The financial counseling effort at UCLA — around nine months of coaching during infant checkups plus regular follow-up calls — has been improving both the health and finances of patients. In a study published in February, participants’ monthly household income rose more than $1,700 on average, and enrolled infants were 25% more likely to be up-to-date on their vaccines. Missed medical appointments dropped by half.
Leaders attribute the success in part to the deep integration of financial services into clinical care. Coaches document their work in patients’ electronic health records, for example, and can pull doctors into sessions, explains Monique Holguin, LCSW, PhD, program co-director.
“A financial coach often has more contact with families, and they sometimes have information that can be vital to improving a patient’s health,” such as inadequate housing, she says. “We educate residents and talk with faculty so they understand how the financial work dovetails with what they’re doing on their end.”
Spreading the word
MFP leaders hope to expand the movement to other institutions and more medical specialties.
“I’m asked by all kinds of health care institutions about the work we’re doing,” says Miner. “They see an opportunity to impact population health that they hadn’t considered before.”
At UCLA, the work has already expanded to serve 50 patients in a prenatal clinic, for example. “We want to create a bridge that builds financial resilience as people move from pregnancy into pediatric care,” says Holguin.
“I’m asked by all kinds of health care institutions about the [financial stability] work we’re doing.
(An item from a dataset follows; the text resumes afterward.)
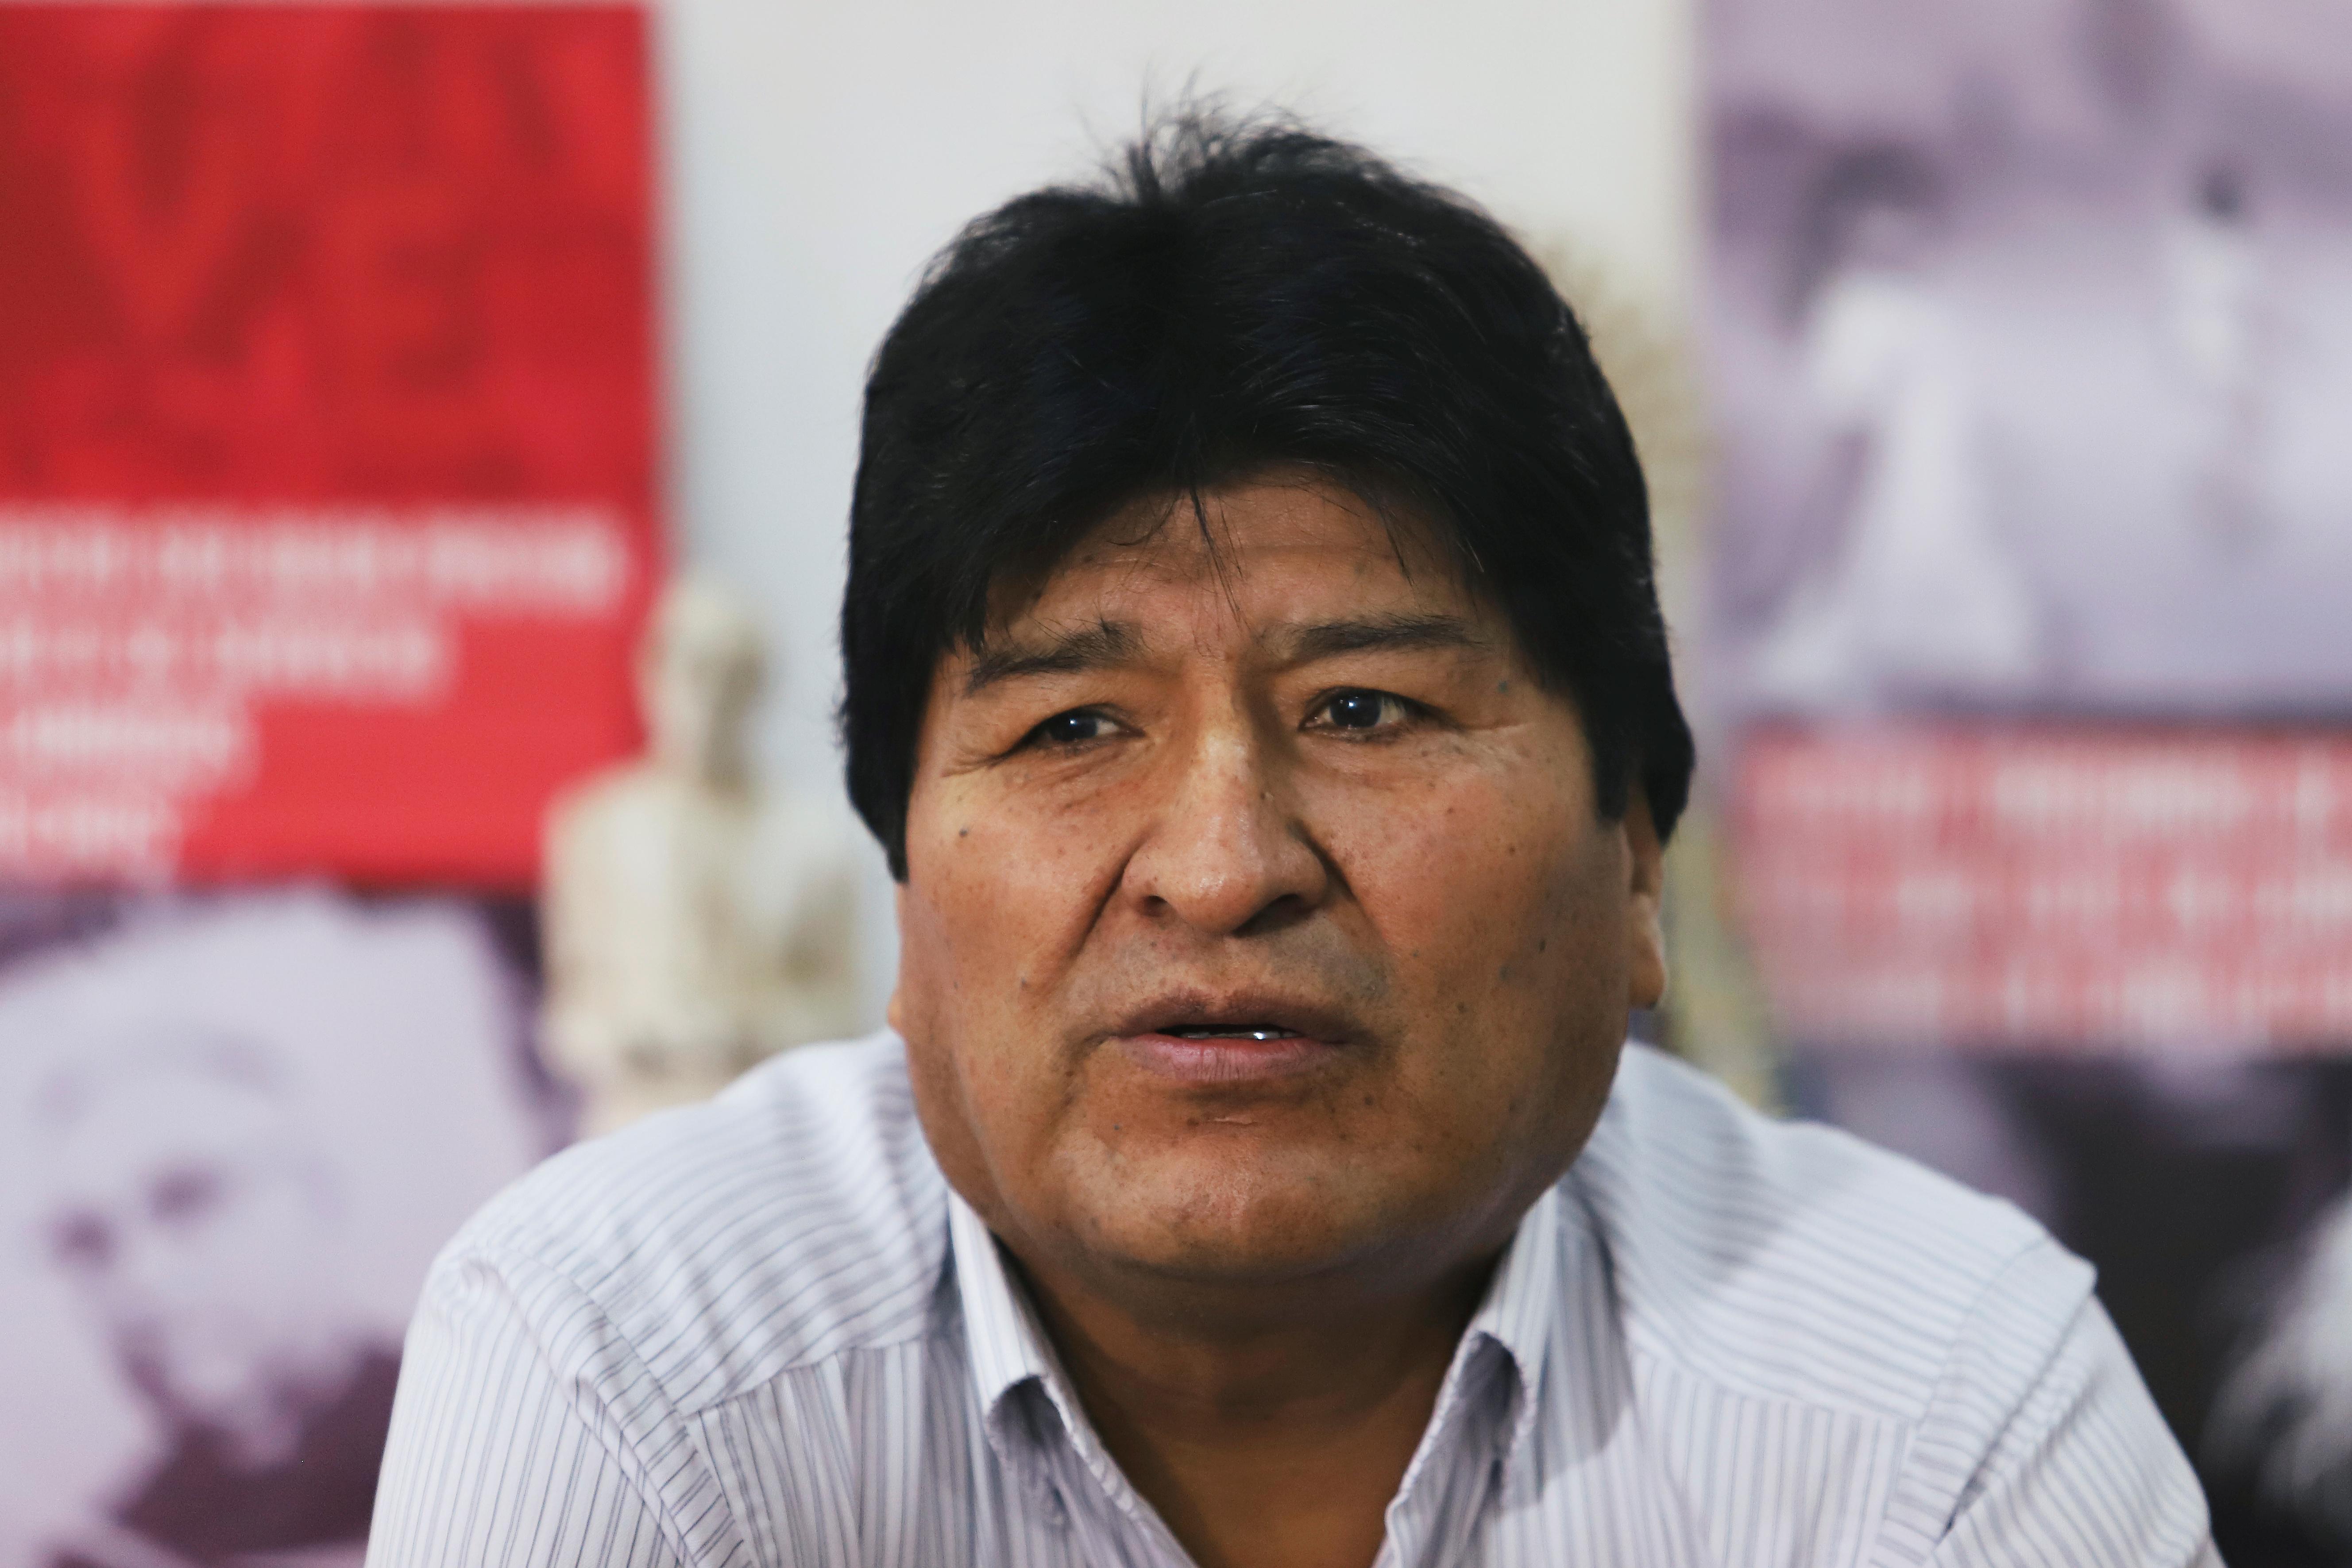 Bolivia exiled ex-president Morales calls on radio for armed militias

They see an opportunity to impact population health that they hadn’t considered before.”
Ed Miner, LSW
Hospitals hoping to launch an MFP can request guidance from the Medical Tax Collaborative, an initiative based at StreetCred.
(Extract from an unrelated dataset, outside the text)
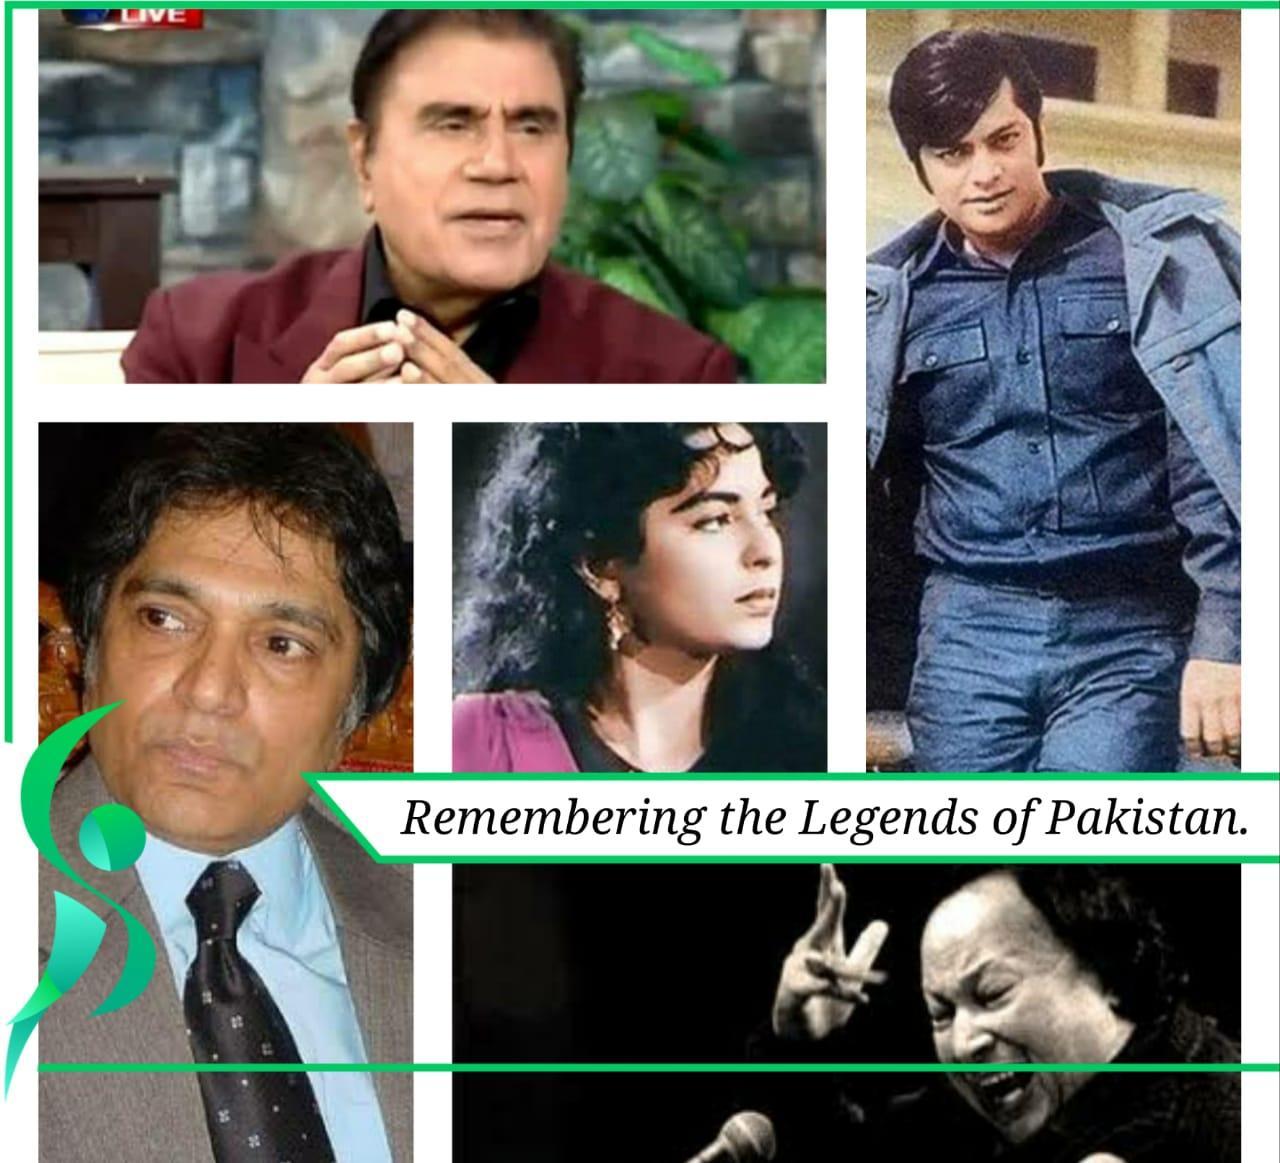 The legends of Pakistan

Leaders offer a key recommendation: Start with patients.
“When we built our program, we made sure to talk with patients to find out what would help meet their goals,” says Dalembert. He also recommends reaching out to local organizations already doing similar work. “It makes sense to leverage their expertise as well as the credibility they have in the community.”
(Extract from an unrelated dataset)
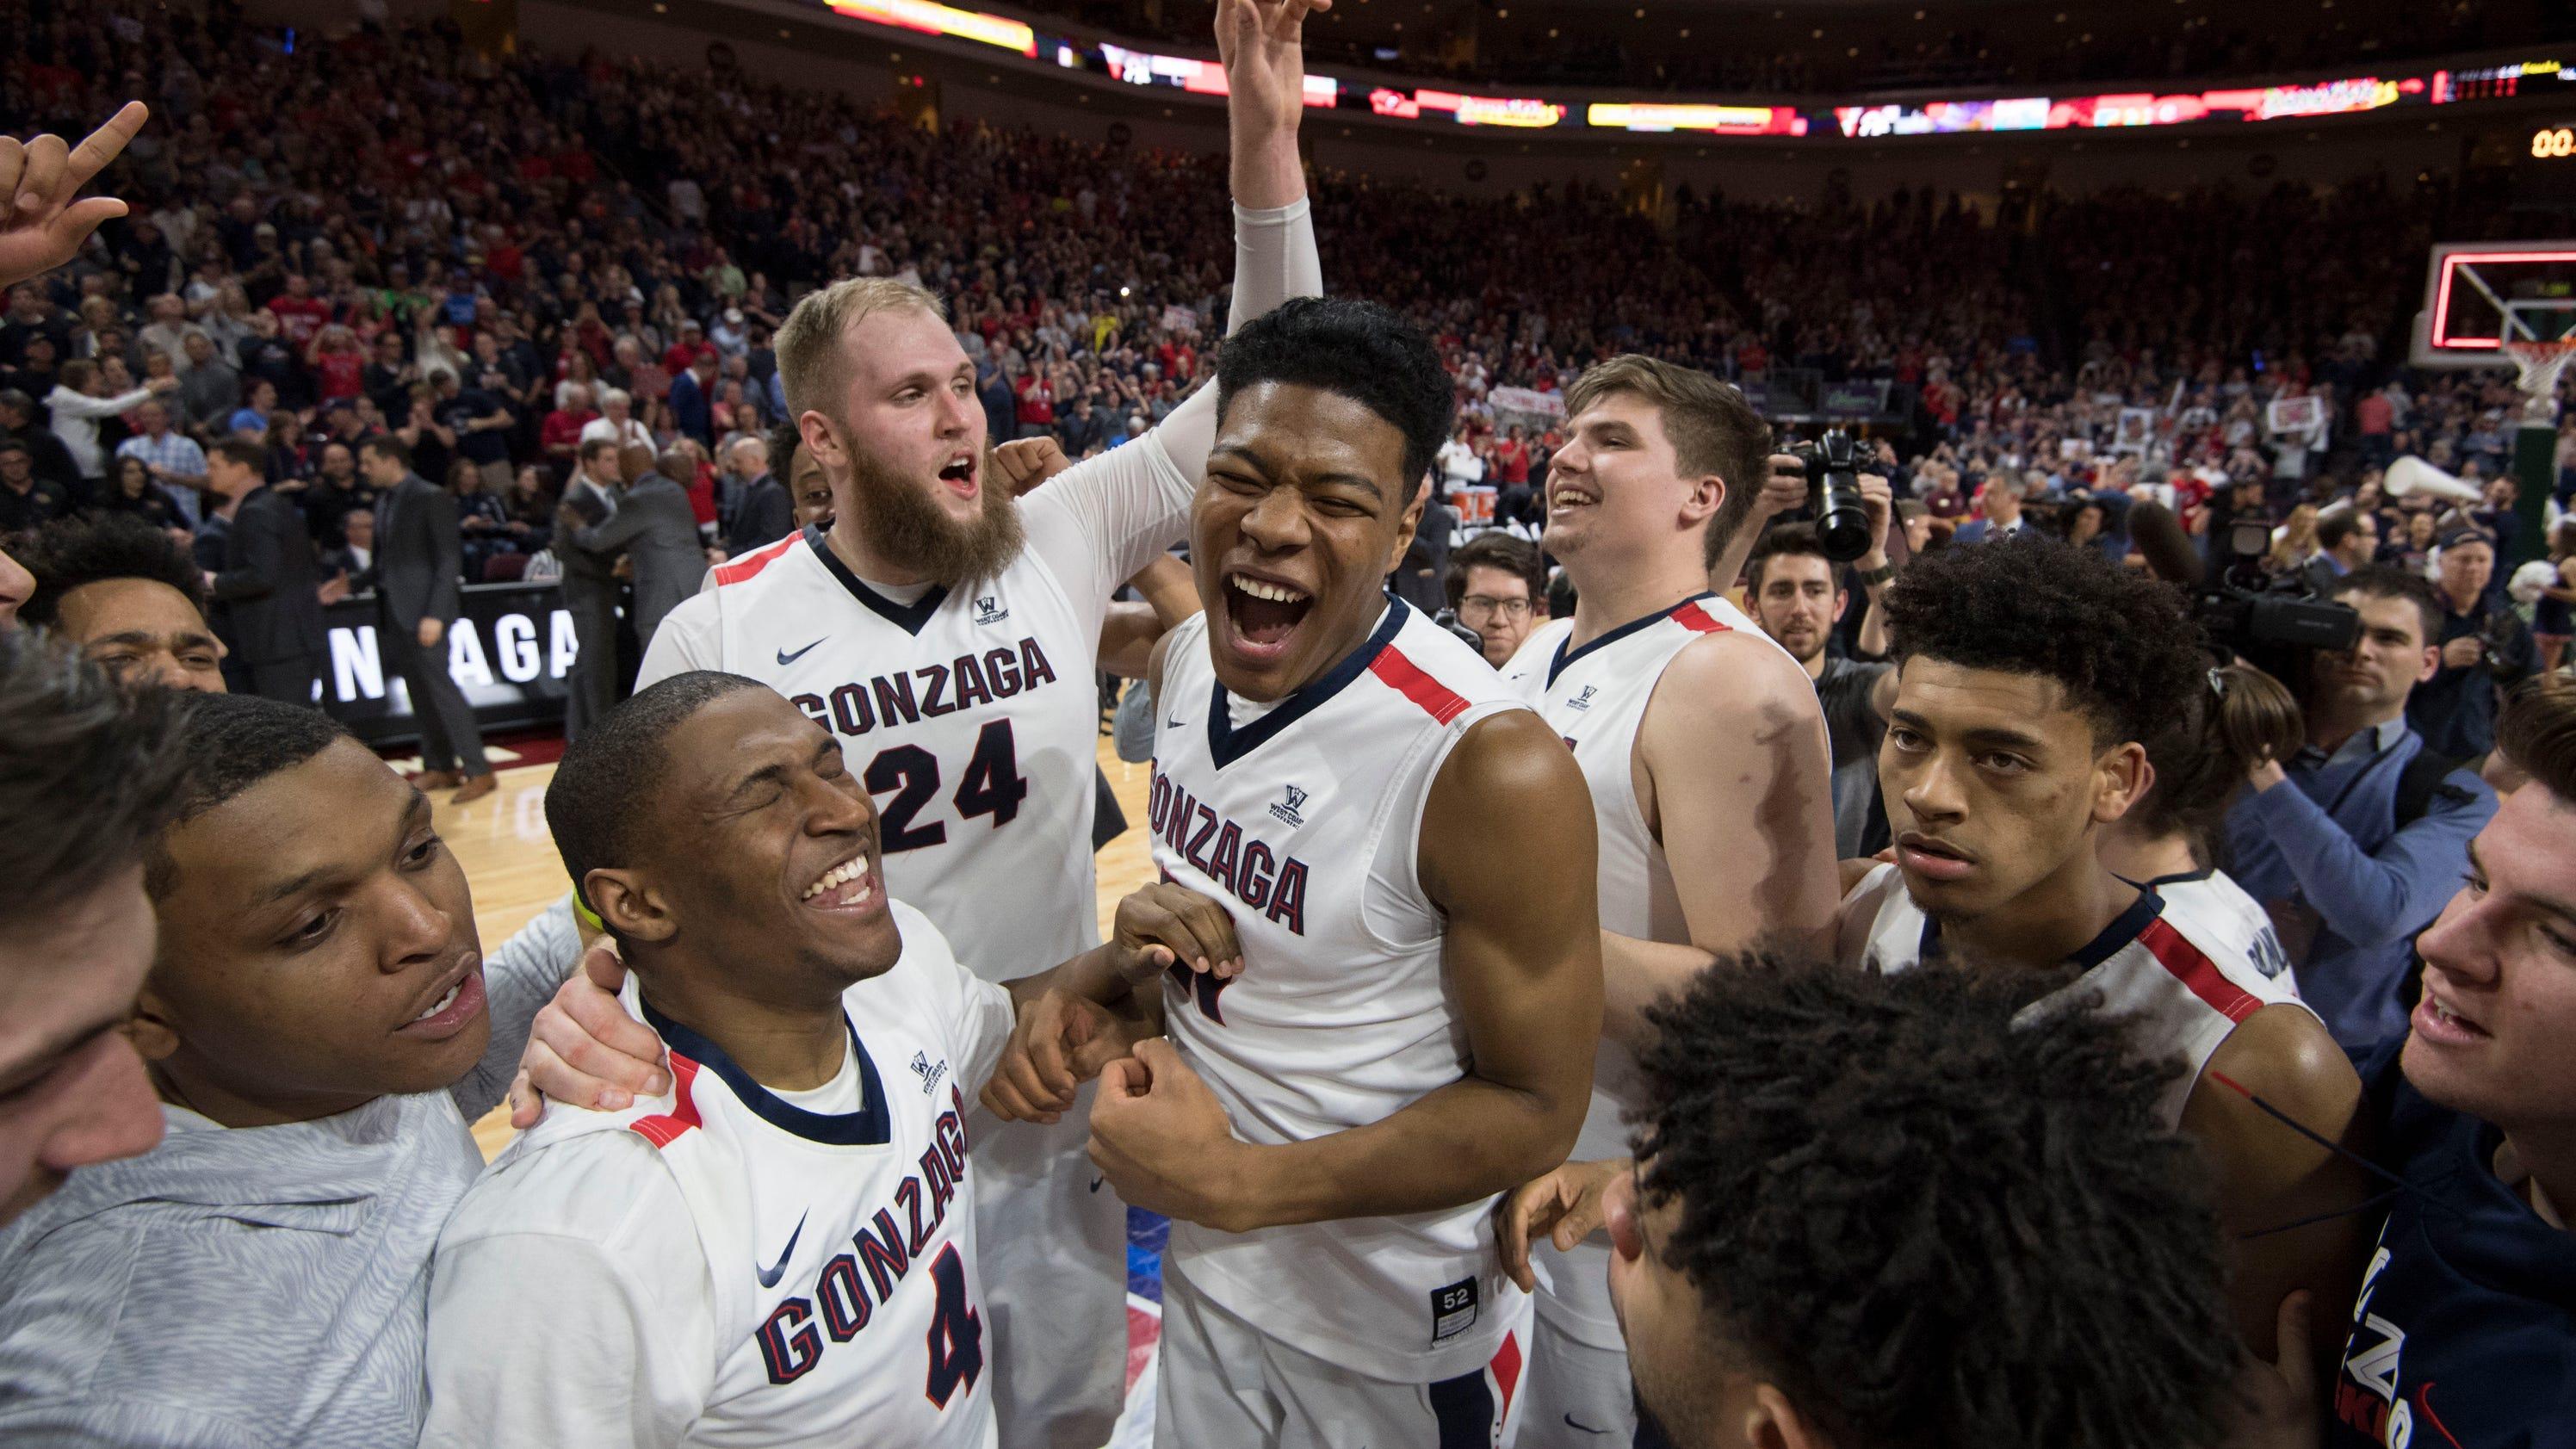 2017 NCAA Division I Men's Basketball Tournament - Wikipedia

Of course, the work isn’t feasible without funding. Programs rely on a variety of sources: grants, public funding, donations, and hospital budgets. Miner says he’s grateful that his institution is deeply supportive. “I can say, ‘We need 50 laptops to do taxes on a Saturday,’ and it’s no problem. I don’t have to go run a bake sale.”
Experts also advise getting physicians on board with recommending the services. Marcil notes that it’s not unusual for doctors to worry that patients don’t want to hear from them about money. In response, she points to research indicating that some 80% of patients appreciate such conversations. “Doctors tend to be data-driven, so that reassures them,” she says.
Other promotion efforts range from refrigerator magnets to social media campaigns. But one of the most effective methods is word-of-mouth from satisfied participants, say those involved.
Like other participants who access MFPs as a part of their hospital employment, Perry had no doubts when he signed up for CHOP’s service. “These are people I see almost every day at work. We know each other,” he says. And Perry felt so good about the tax-prep program that he urged friends and family to participate. “Five or six people I know use it now, and I sent an email blast to residents [I work with] to promote it.”
Meanwhile, CHOP is working to expand its services to more populations and is now developing a financial literacy program specifically for teenagers.
The notion is that planning ahead and learning crucial skills can have a tremendous impact on adolescents, says Dalembert.
“We want this to be part of the transition into adulthood,” he says. “If teenagers start saving, even a small amount can balloon over time. That money and those financial skills can really be life-changing.”